Dickie smiled, shrugged, took his watch back. I rubbed at my eyes: there were tears in them.

‘Hey! Where’s Sally Ann?’ shouted Vic, blundering in. He seemed to be asking Eileen, who was sitting up now, face buried in her hands, looking distraught, and I was invaded by the same feeling I’d had earlier with Alison: that all this had happened before. But then it went away as Sally Ann appeared in the doorway and said: ‘What do you want, Dad?’ I glanced across the room at Alison, still watching me, damp-eyed and gently smiling, looking almost fragile now in her soft satiny dress with its slashed sleeves, its frail silken folds. She touched the glass of vermouth to her lips. No, I thought, as Vic grunted ambiguously and shoved his way out of the room again, I hadn’t really had that feeling with Alison before. I’d only wished to.

‘The time ,’ the Inspector was insisting. ‘This is important—!

‘How long,’ I asked, turning to him, not really thinking about what I was saying, my mind on an earlier Alison, playful and mischievous, now nearly as remote to me as that girl from Italy (and I recalled now from that night, as though my memory were being palpated, the splatter of a pot on a cobbled street, a wail, something about gypsies in another country, and the way the girl’s pubic hair branched apart like brown bunny ears: discoveries like that were important then), ‘does it take ice to melt in a pitcher?’

‘Ice?’ exclaimed the Inspector, genuinely astonished.

‘I’m sorry. What I mean is—’

Ice—?!

‘When you came in,’ I tried to explain, ‘I was—’

‘Ah yes,’ interrupted the Inspector, ‘so you were.’ He drew a large Dutch billiard pipe and tobacco pouch from his pockets. Roger’s ravings had subsided to a soft whimper, and he’d sagged lopsidedly into the arms of the policemen once more. The tall one stared at me coldly, leaning on his short leg, a dark line of sweat staining the collar of his shirt. The short one had unbuttoned his blue coat, and his shirtfront, stretched over his bulging low-slung belly, was soaked with blood. He nodded me back to the Inspector, who asked: ‘I wonder … has the murder weapon been found?’

‘No,’ I replied. He peered at me closely, one finger in the bowl of his pipe like an accusation. Inexplicably, I felt my face reddening. ‘We left her exactly—’

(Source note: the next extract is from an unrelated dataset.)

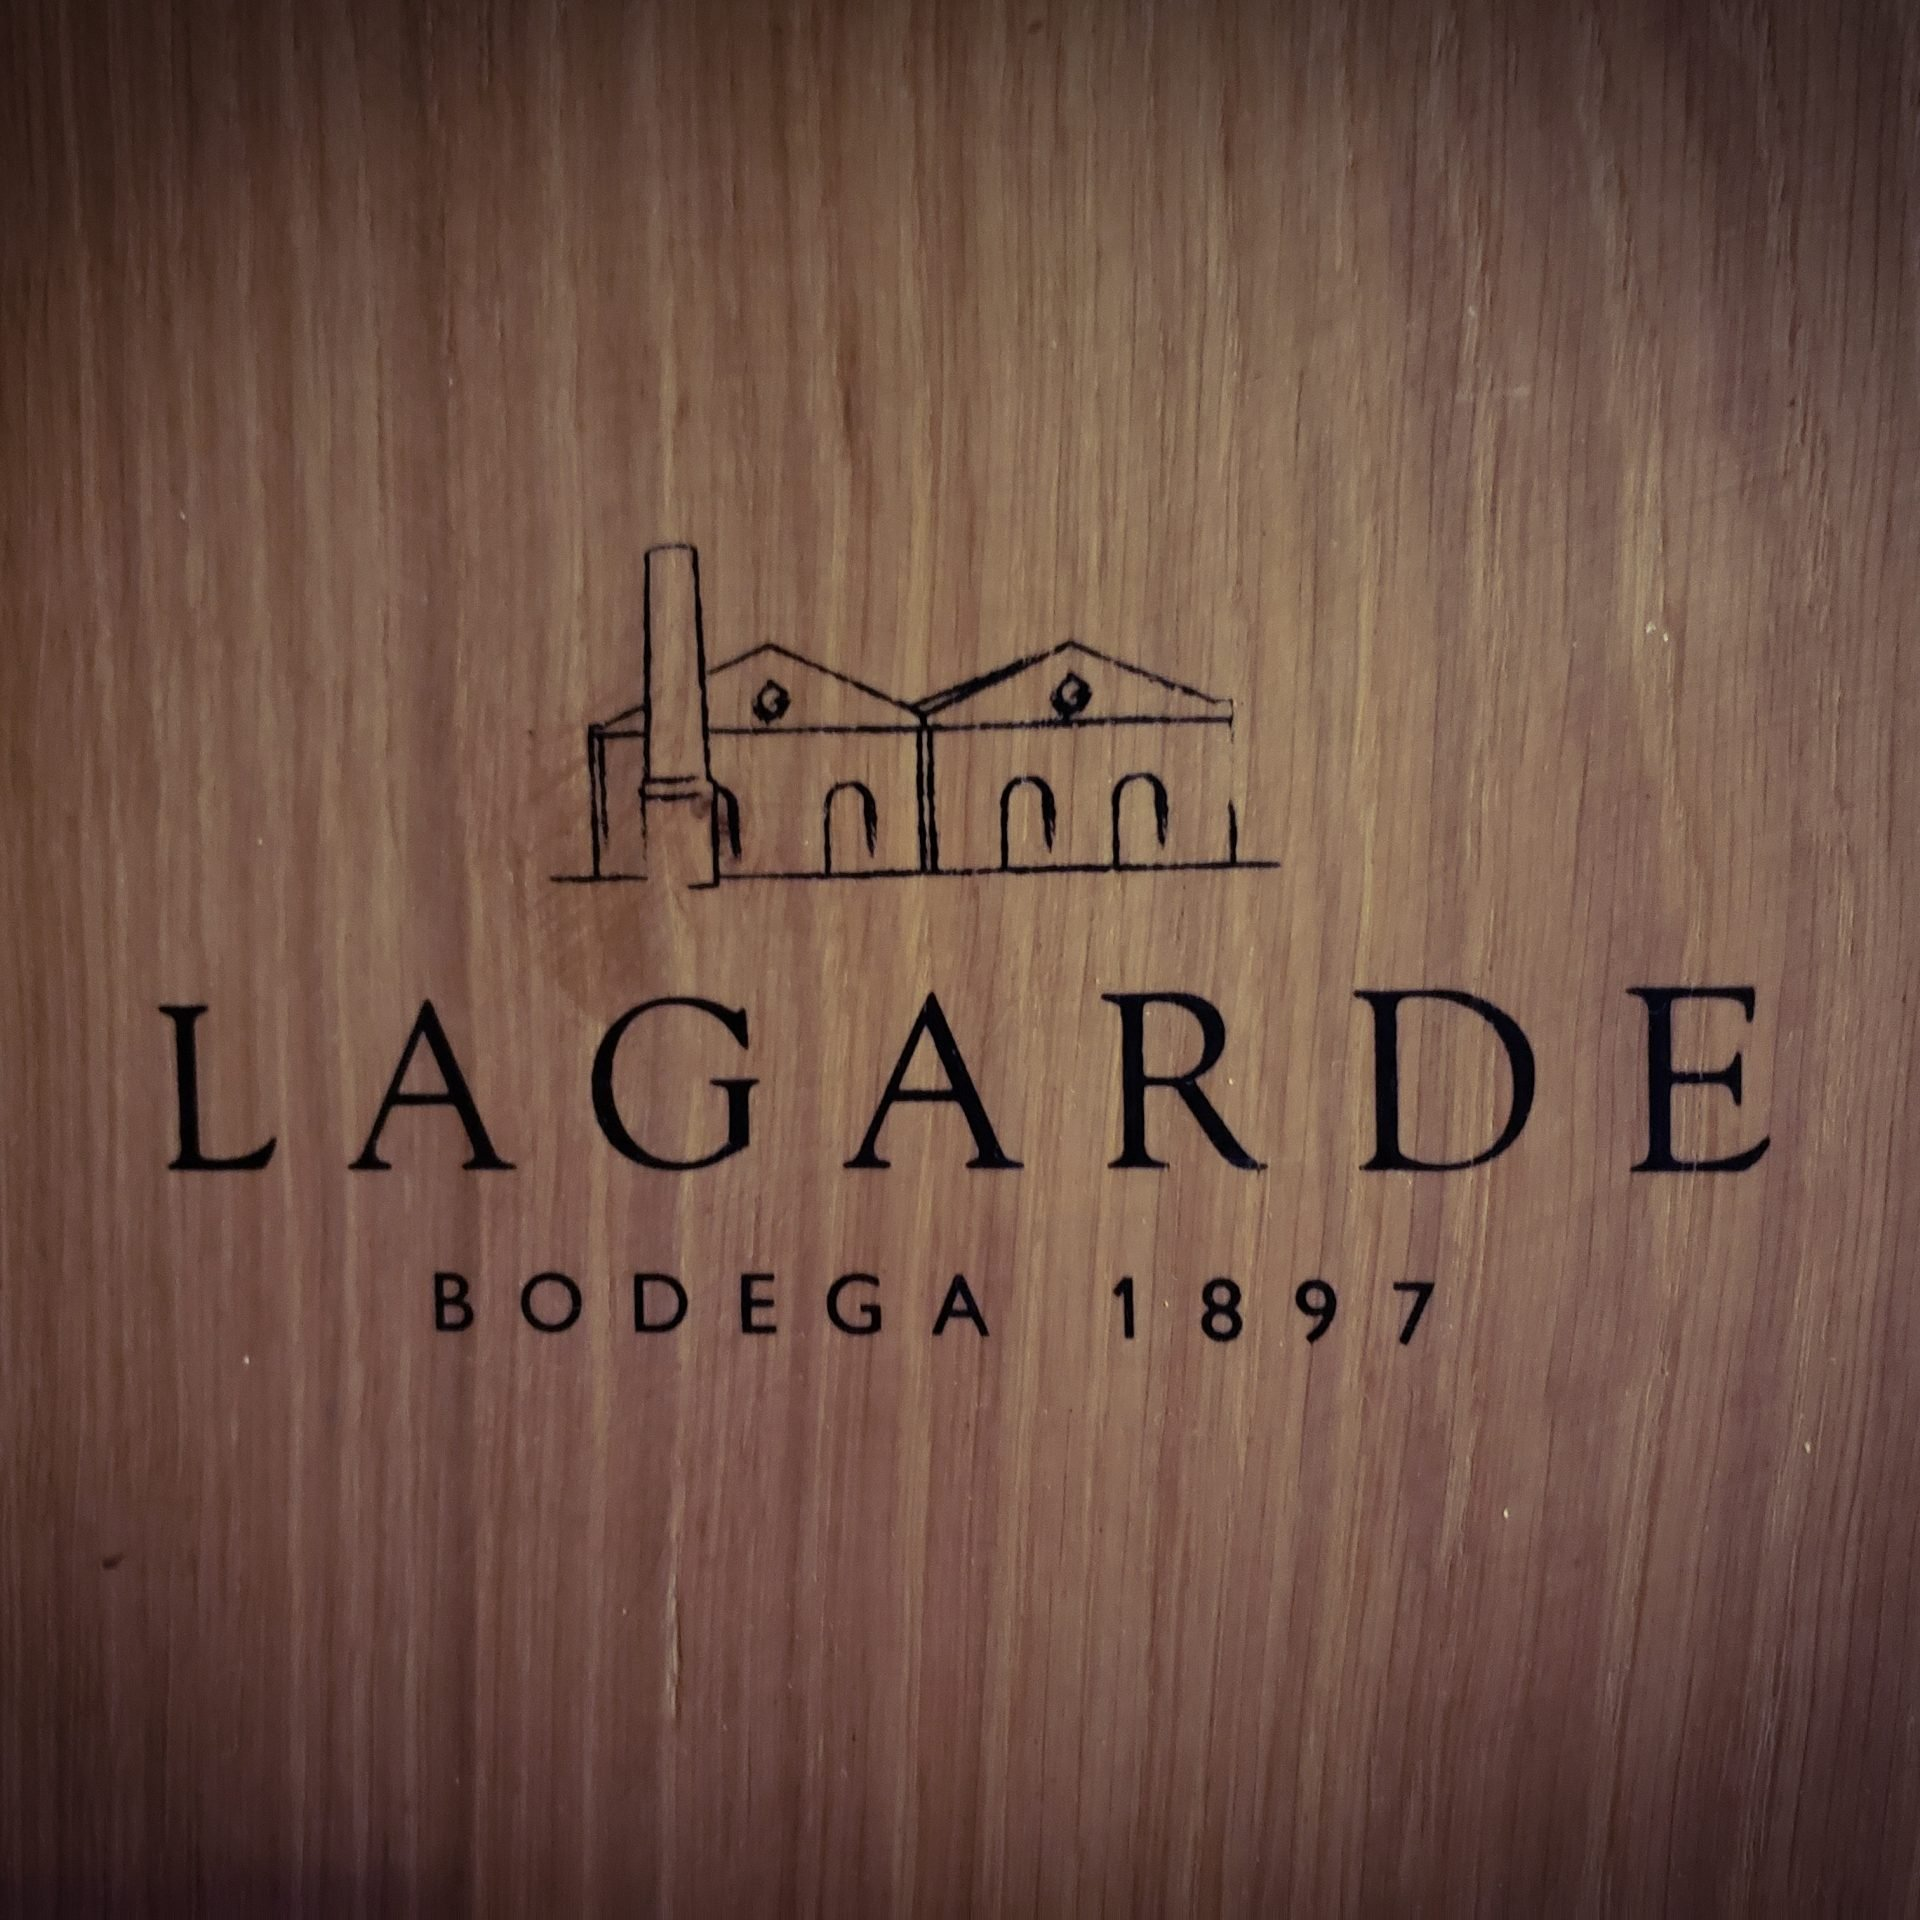 Bodega Lagarde

‘Yes, yes, I’m sure.’ He lifted his gaze to the ceiling as though studying something there, and involuntarily, the rest of us looked up as well. Nothing to see: a plain white ceiling, overlapping circles of light cast on it by the various lamps in the room. In some odd way, in its blankness, it seemed to be looking down on us, dwarfing us. I wondered, staring at it, if Alison might not be thinking the same thing — or, knowing I’d be having such thoughts, refuting me: there is no audience, Gerald, that’s what makes it so sad. Hadn’t I said much the same thing the night we met: that the principal invention of playwrights was not plays or actors but audiences? ‘Curious …,’ mused the Inspector. He was gazing down at Ros again. As though directed, so then did we. Her breast was covered by the frock once more, but now her legs seemed farther apart, the silvery skirt riding halfway up her stockinged thighs, and she had some kind of apparatus stuck in her mouth. An X-ray unit maybe. ‘You’d think a girl like her …’ He paused thoughtfully, zipping up the tobacco pouch. What had he meant? There was a heavy stillness in the room, broken only by Roger’s muffled sob, a low hum (the hi-fi? or that thing in Ros’s mouth?), and the labored breathing of the two police officers. Inspector Pardew sighed as though in regret, then looked up at me: ‘But excuse me, you were speaking of an ice pick, I believe …’

I started. ‘No … ice!’ It was a cheap trick. Not to say a complete absurdity. And yet (I was finding it hard to catch my breath), hadn’t I just been …? ‘There — there was ice in the pitcher I was carrying when you—’

‘Of course.’ He smiled, making an arch pretense of believing me. He tamped the tobacco into the bowl of his pipe, returned the pouch to his pocket, withdrew a lighter. ‘So you’ve said …’

‘You think she might have been killed with an ice pick, do you?’ I shot back, though I felt I was blustering, inventing somehow my own predicament. Where did all this come from?

‘I don’t know,’ he replied, tucking the pipe in his mouth, watching me closely. Behind him, Jim was shaking his head at me. Most of the others simply looked amazed. Or distracted. ‘Do you?’